# Wie kulant ist Sony 2,5 Wochen nach Garantieablauf?



## A.Meier-PS3 (17. Februar 2014)

Der Titel sagt eigentlich schon fasst alles:
 Heute Morgen in der Znünipausä musste ich feststellen das mein Sony Ericsson Xperia Activ (ST17i) den Geist aufgegeben hat. 
 Zuhause funktionierte es noch.

 Zuerst dachte ich natürlich Akku leer oder Hänger und das ganz normale Prozedere gemacht, sprich geladen und Akku für ne Weile rausgenommen, aber es lässt sich beim besten Willen nicht wieder einschalten. 
 Einmal kurz vibrieren und das war es > selbst zum das Vibrieren wieder zu bekommen muss man den Akku für ne Weile entfernen.

 Als dann Zuhause war hab ich mir die Quittung rausgesucht und musste feststellen das die Garantie Anfangs Monat ausgelaufen ist.

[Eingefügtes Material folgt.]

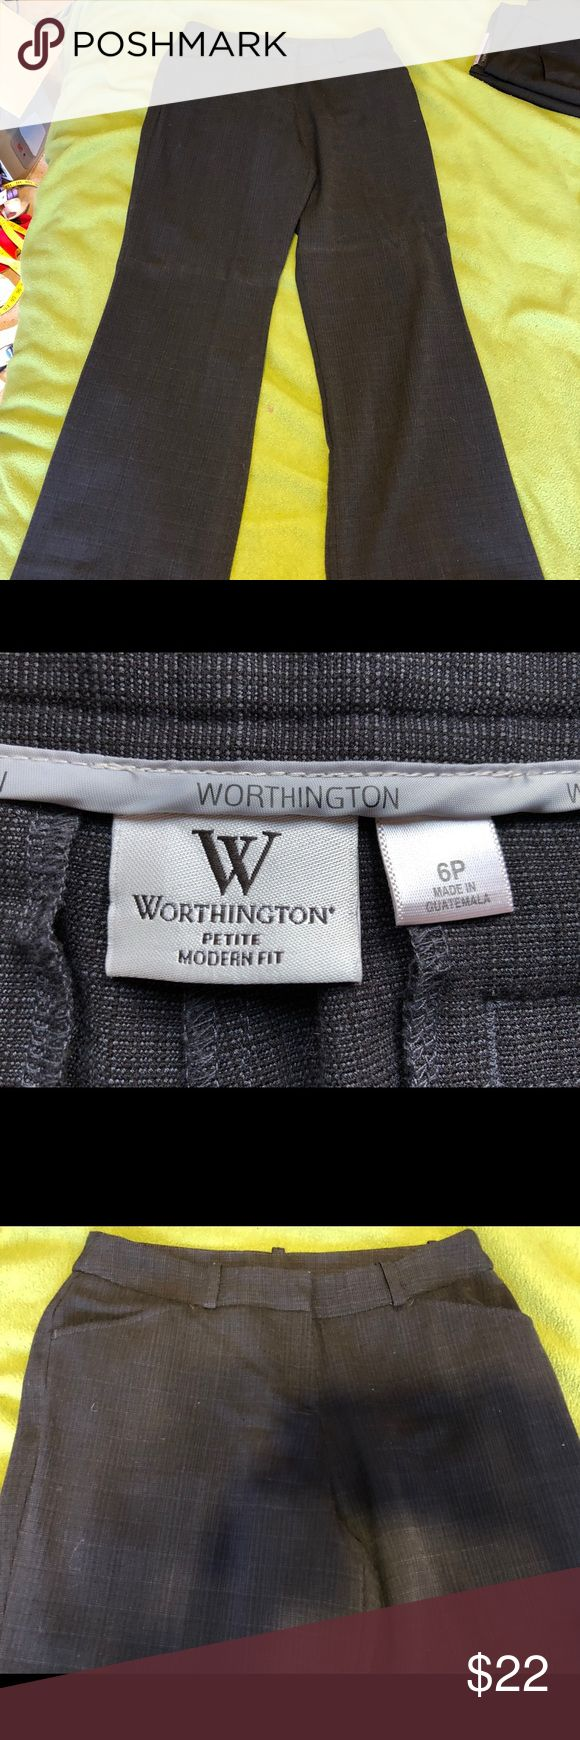 Worthington Petite navy blue dress pants-6p Worn once. Smoke free home . 6 petite, modern fit. Make an offer! Worthington Pants Trousers

 Morgen werde ich mal dem Verkäufer einen Besuch abstatten, aber wie sind eure Erfahrungen so kurz nach Garantieablauf?


----------



## Dr Bakterius (17. Februar 2014)

Ist vielleicht nur der Akku platt? Der dürfte wohl eh nicht in die Garantie / Gewährleistung fallen nach der Zeit. Schwer zu sagen wie die reagieren bzw. der Händler. Mir sind eigentlich nur wenige Anbieter bekannt die sehr rigoros reagieren


----------



## A.Meier-PS3 (17. Februar 2014)

Selbst wenn der Akku platt wäre (wäre noch das kleinste Übel da relativ günstig), müsste sich das Gerät doch am Ladegerät einschalten lassen, aber auch das geht nicht.


----------



## Oberst Klink (17. Februar 2014)

Dir kann hier keiner genau sagen, ob Sony oder der Händler in dem Fall kulant sind oder nicht. Das musst du leider selbst rausfinden. Du kannst Glück oder Pech haben.


----------



## Kjyjan (17. Februar 2014)

Die LiPo Akkus haben Schutzschaltungen und lassen sich bei zu niedrigen Akkustand garnicht bis kaum noch laden, hatte mit meinem Xperia auch ähnliche Probleme, manchmal hatte es geholfen nen Besonders Leistungsstarkes Netzteil zum Laden zu nehmen, z.B das 10W USB vom Ipad.


----------



## A.Meier-PS3 (17. Februar 2014)

Ist mir schon klar das es auf einen Versuch hinaus läuft, aber darum hab ich ja auch gefragt wie so *eure* Erfahrungen in der Situation sind.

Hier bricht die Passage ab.